From the moment Ruth Barron’s (Kate Winslet) dazzling, innocent eyes meet the glowing hypnotic gaze of Indian cult guru Chidaatma Baba (Dhritiman Chaterji), the young Australian woman is hooked. Hooked on being hooked, that is.
If it takes any recognizable shape at all, Jane Campion’s (Sweetie, The Piano) Holy Smoke is a meta-meditation on escaping escapism and a critical examination of the human need to worship – to believe. It plays, brilliantly and whimsically, with the consequences of surrender and the cold, blind isolation of resistance.
Ruth, a perfect Campion heroine, is hard-edged, sensual and lost in the vastness of her own curiosity, aimless longing and internal unrest. She’s an easy mark – both needy and knowing – and an impossible rebel all at once. During her brief Hindu adventure, she celebrates the contradiction, prancing around India in a virginal white sari, talking love and Baba, and chain-smoking between transcendental states. Do we laugh at her or empathize with her?

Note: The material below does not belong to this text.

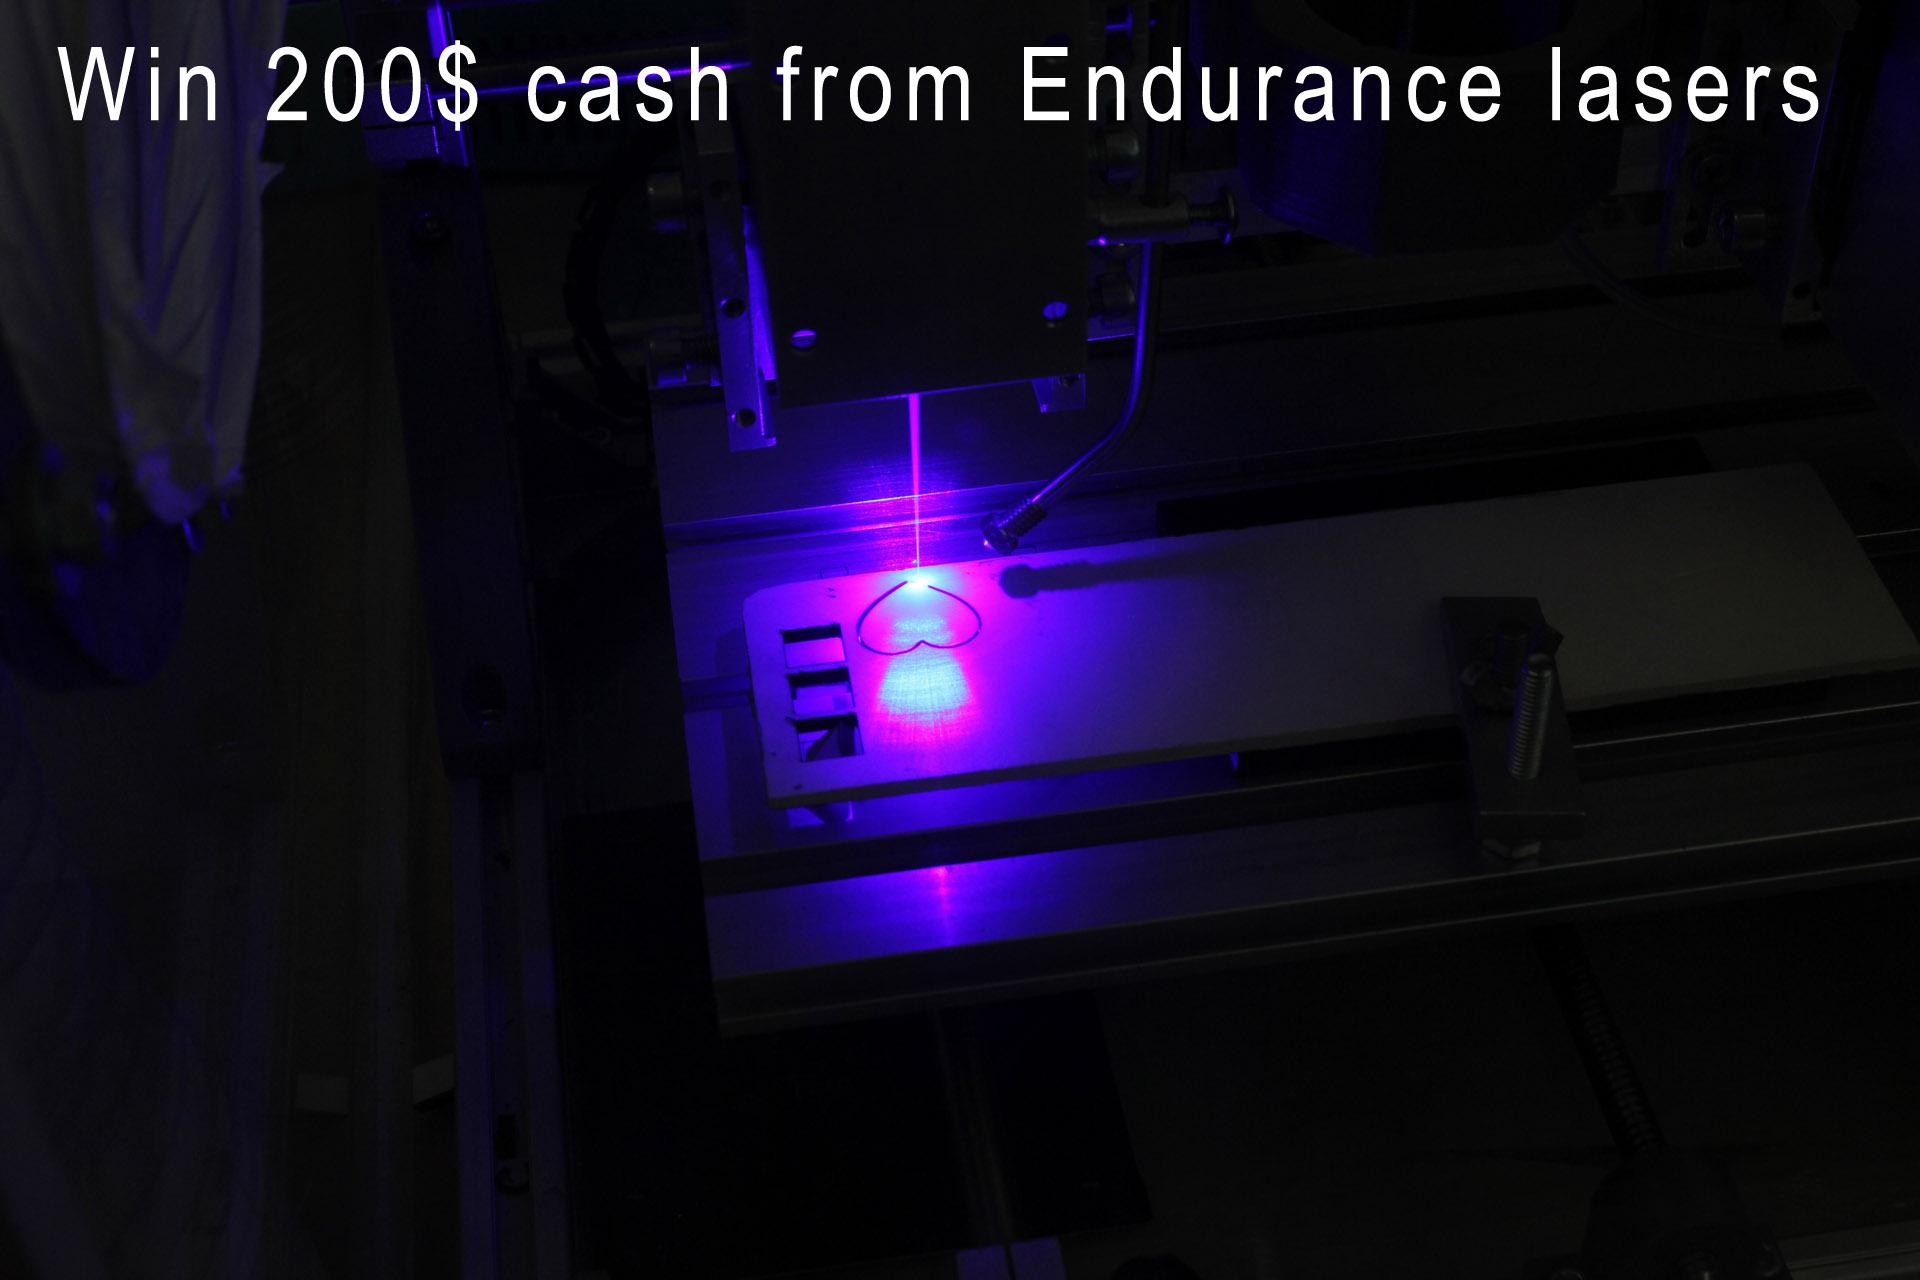 Endurance first 200$ cash giveaway.

Before that question can be answered, Ruth’s family whisks her and her white sari back to Australia to meet a walking midlife crisis in cowboy boots who hires himself out as a deprogrammer. P.J. Waters (Harvey Keitel) is contracted by the family to get their daughter back from the "cult" that took her away. In an isolated cabin, Waters gets down to business with a quick psychological assessment, feigned confidence and some dangerous vulnerability of his own.
As it turns out, taking away Ruth’s sari and applying a list of moves from the big-man-deprogrammer handbook does cause a transformation. But it’s Waters who is transformed. Ruth had fallen into an oasis that showed her peace, love and acceptance. Waters goes from a psychobabbling cowboy to a pathetic lovesick jerk, whose obsession with his client lands him in the middle of the desert defeated, bleeding, hysterical and wearing a lipstick-red party dress.
Campion’s film pushes the envelope, as usual, playing the shell game of sexual identity and an enlightening round of psycho-spiritual hide-and-seek. Ruth is screwed up. Waters is screwed up. The family is screwed up. Hell, everybody is screwed up. And Holy Smoke is all the more interesting, convincing and touching for it.